- **What is needed**
Nothing but the text should be carried over: reproduce all the data exactly and leave out every image.

- **Supplied information**
__________

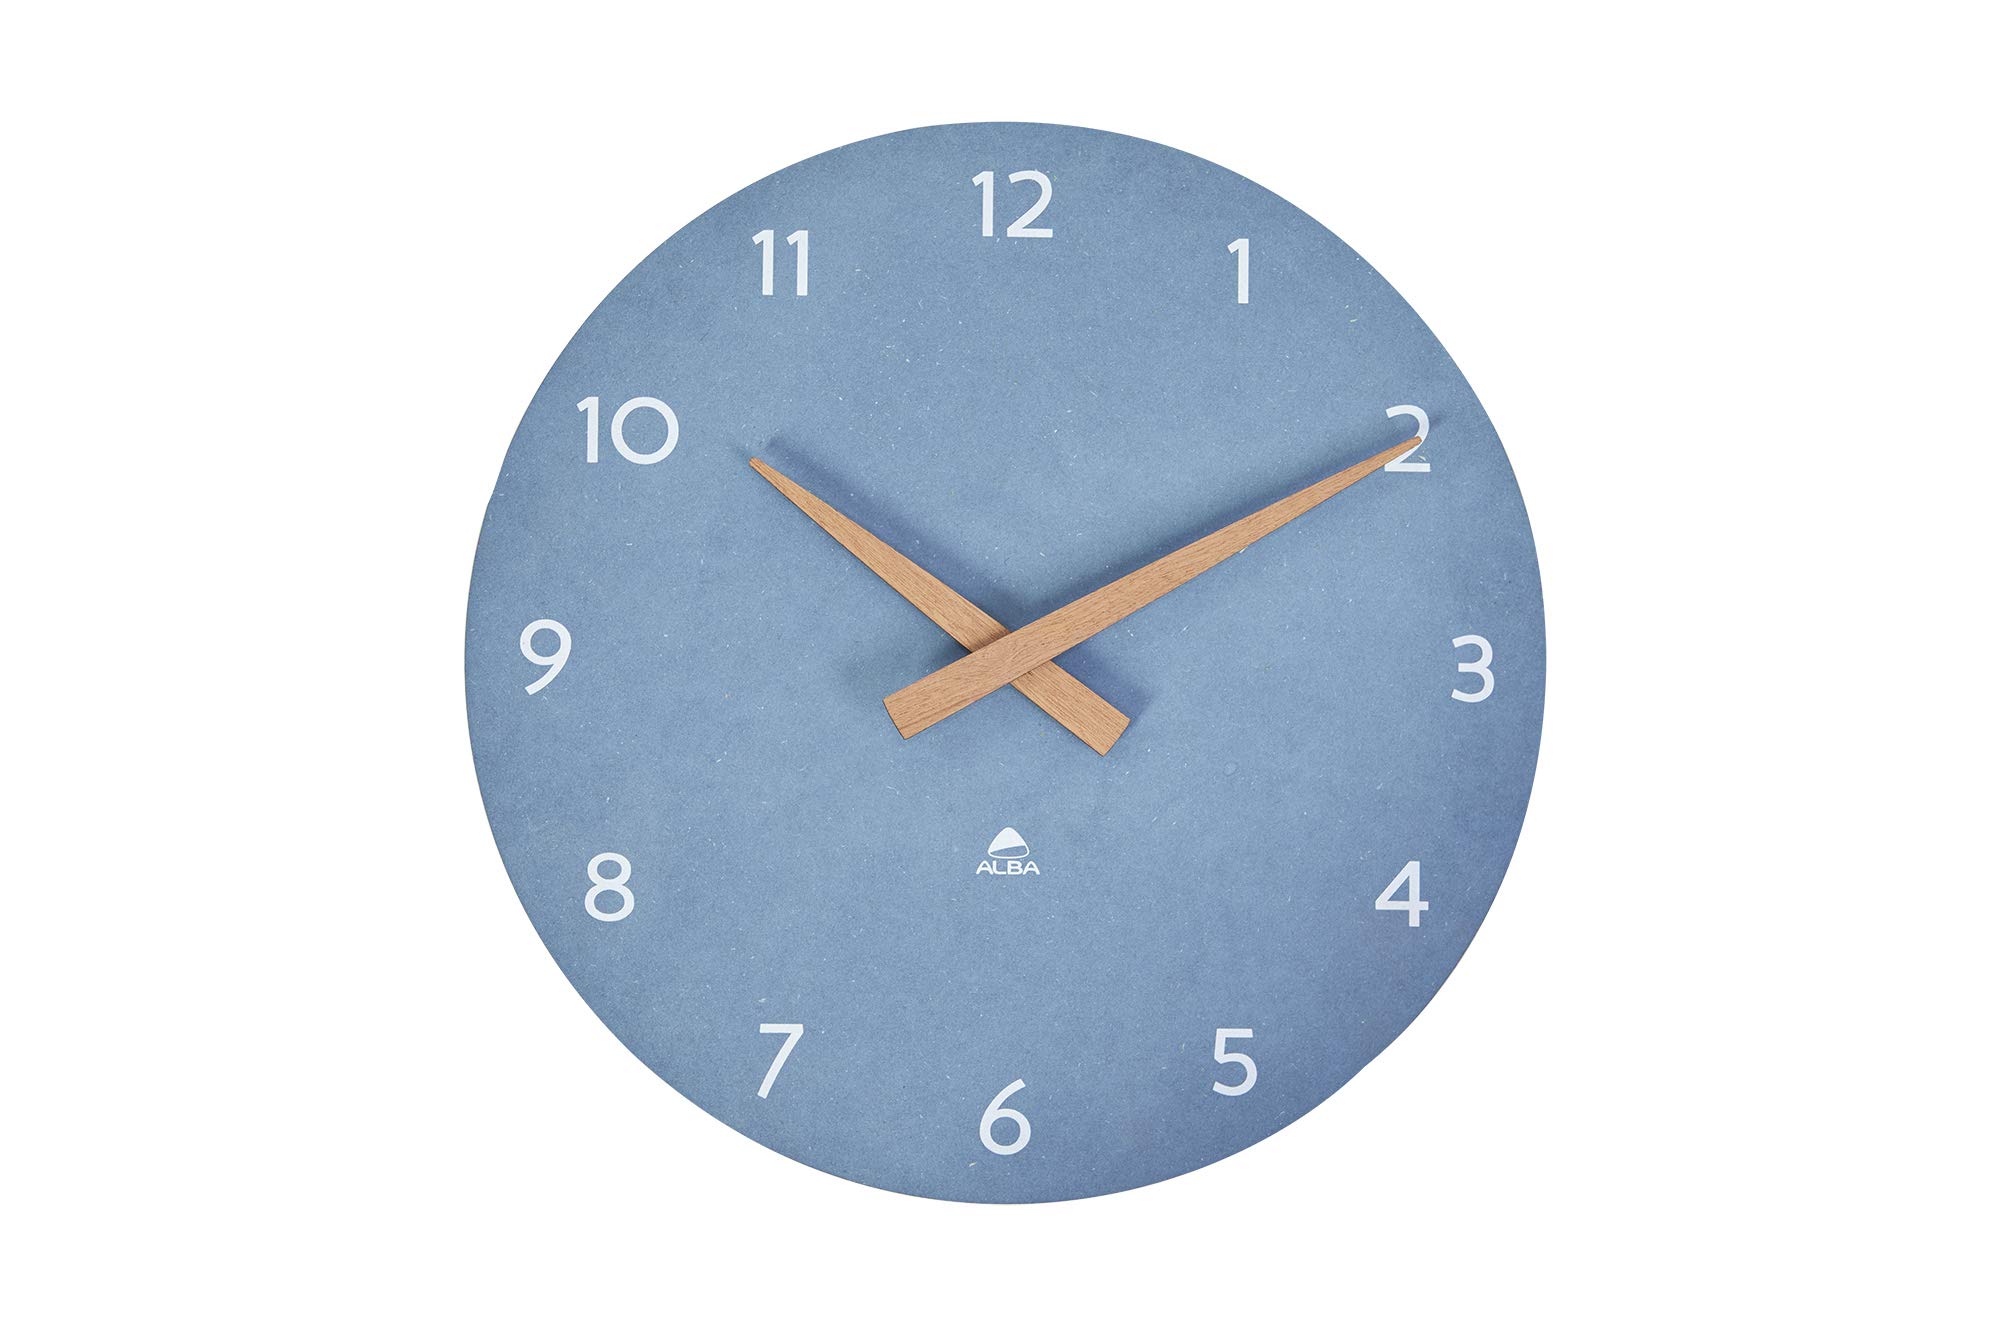 Orologio da parete HorMilena - D 30 cm - blu / legno - Alba
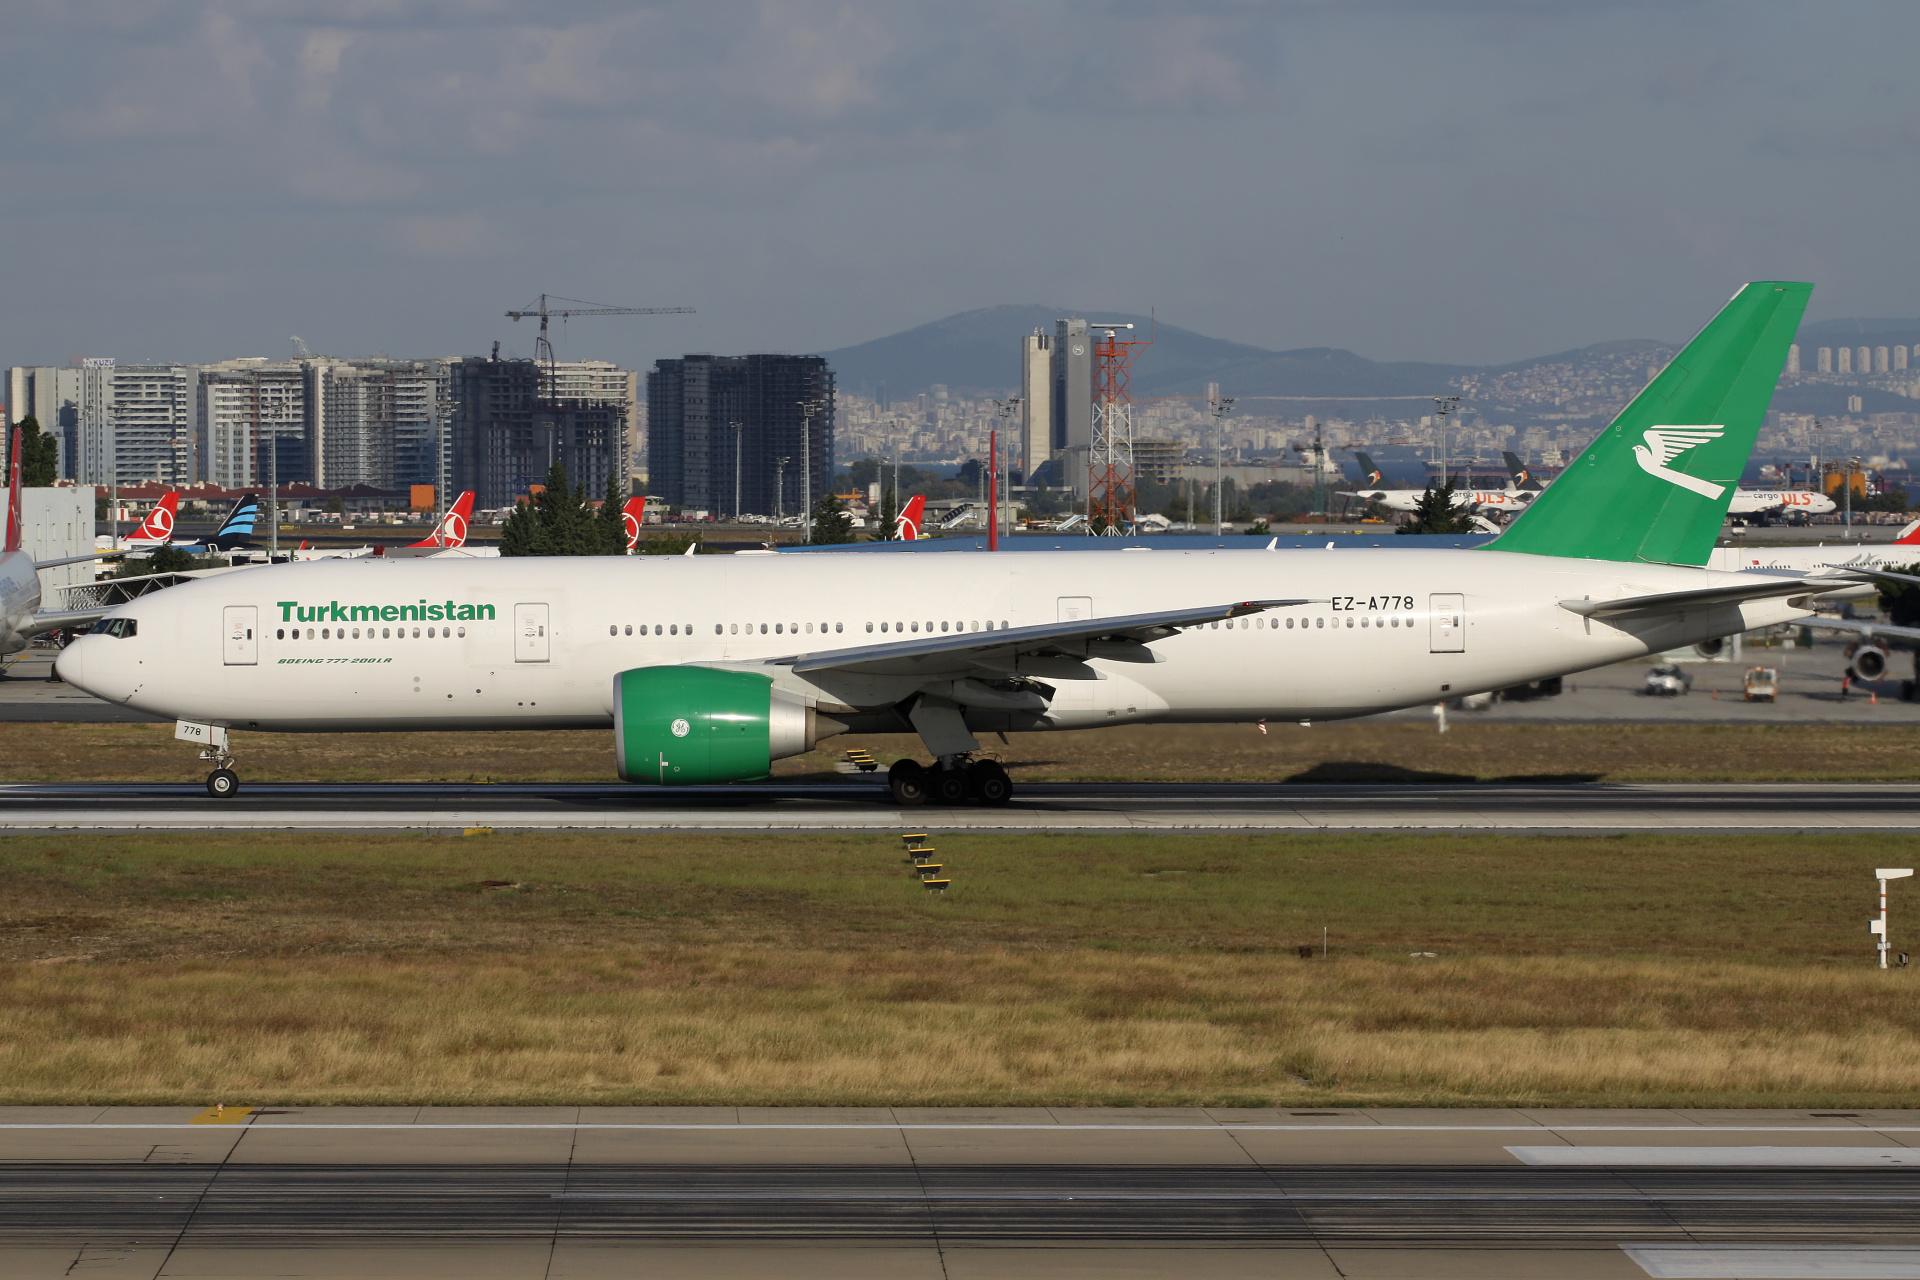 EZ-A778, Turkmenistan Airlines (Samoloty » Port Lotniczy im. Atatürka w Stambule » Boeing 777-200LR)
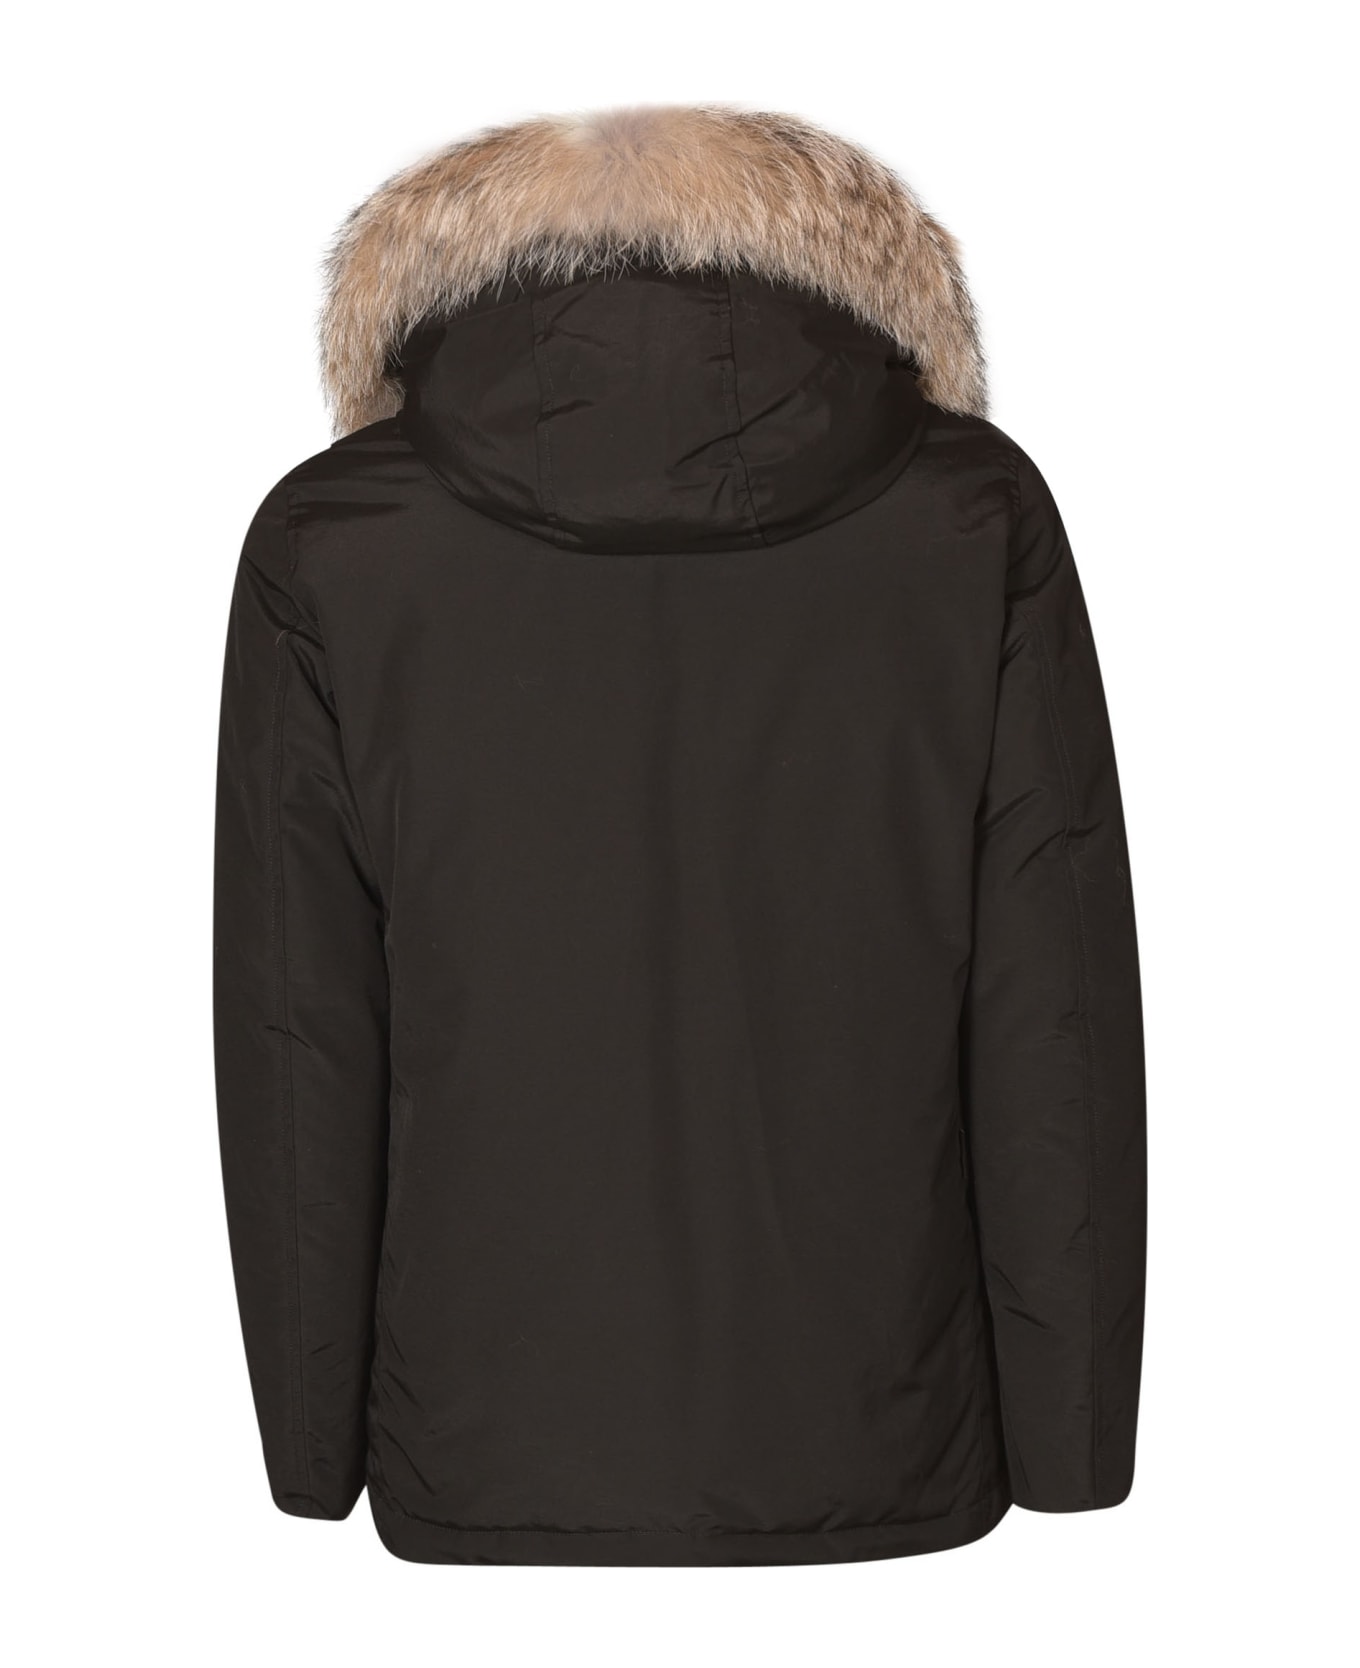 Woolrich Arctic Detachable Fur Parka - Black コート
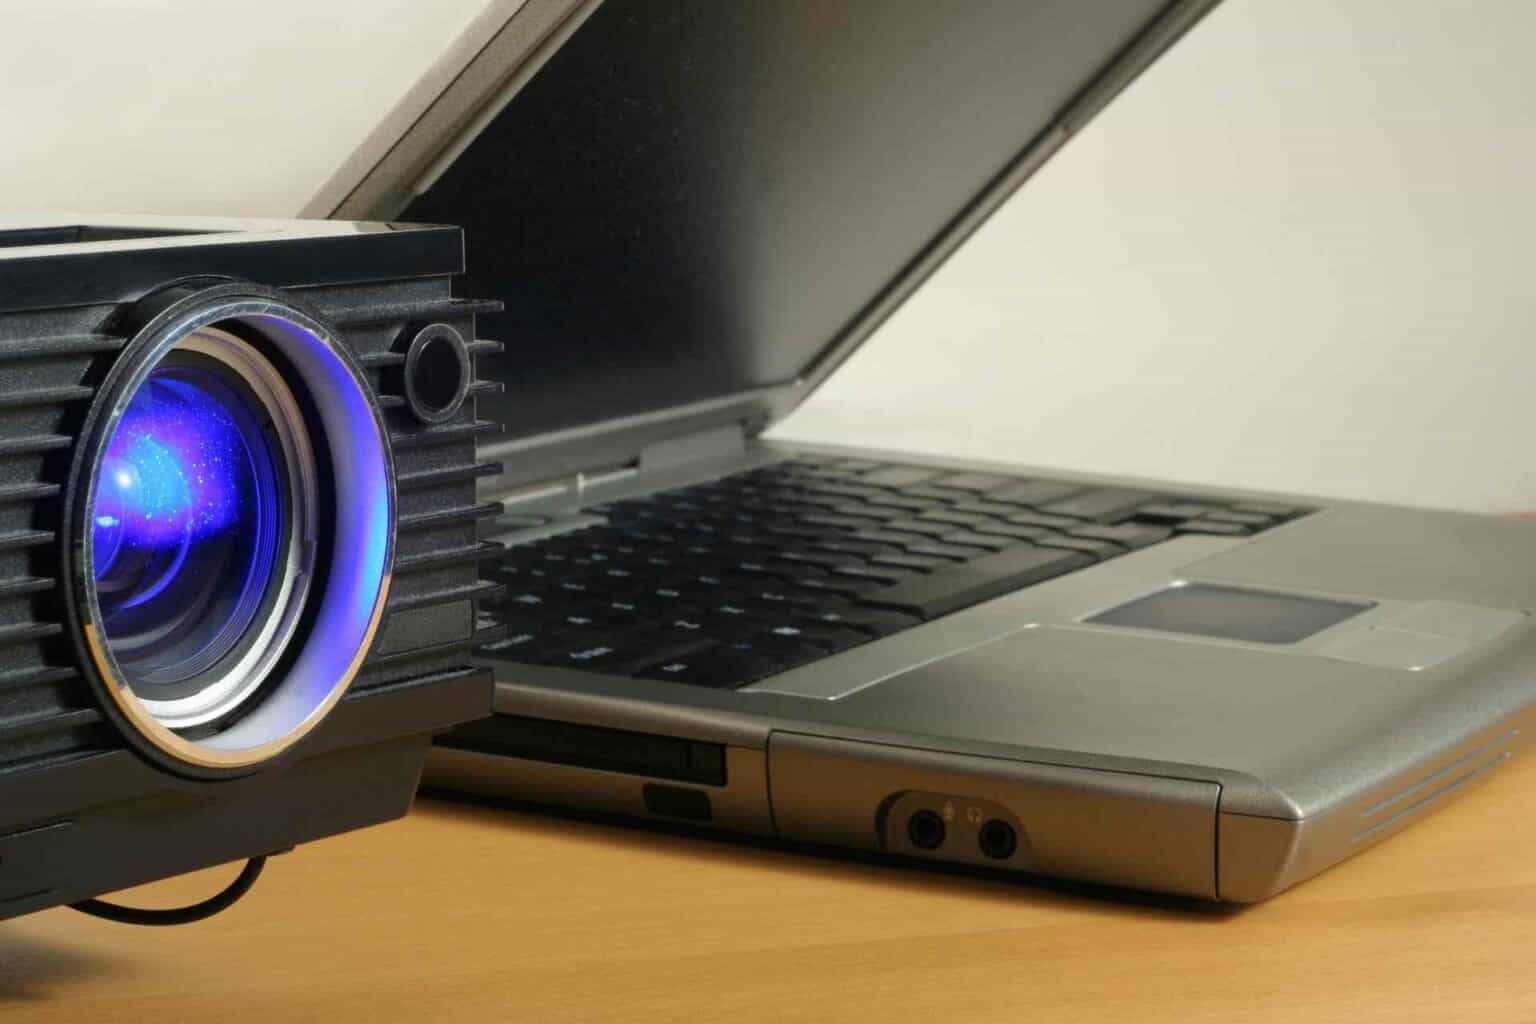 epson projector wont connect laptop via hdmi

__________

- **Task response**
 Orologio da parete HorMilena - D 30 cm - blu / legno - Alba
 EZ-A778, Turkmenistan Airlines (Samoloty » Port Lotniczy im. Atatürka w Stambule » Boeing 777-200LR)
 Woolrich Arctic Detachable Fur Parka - Black コート
 epson projector wont connect laptop via hdmi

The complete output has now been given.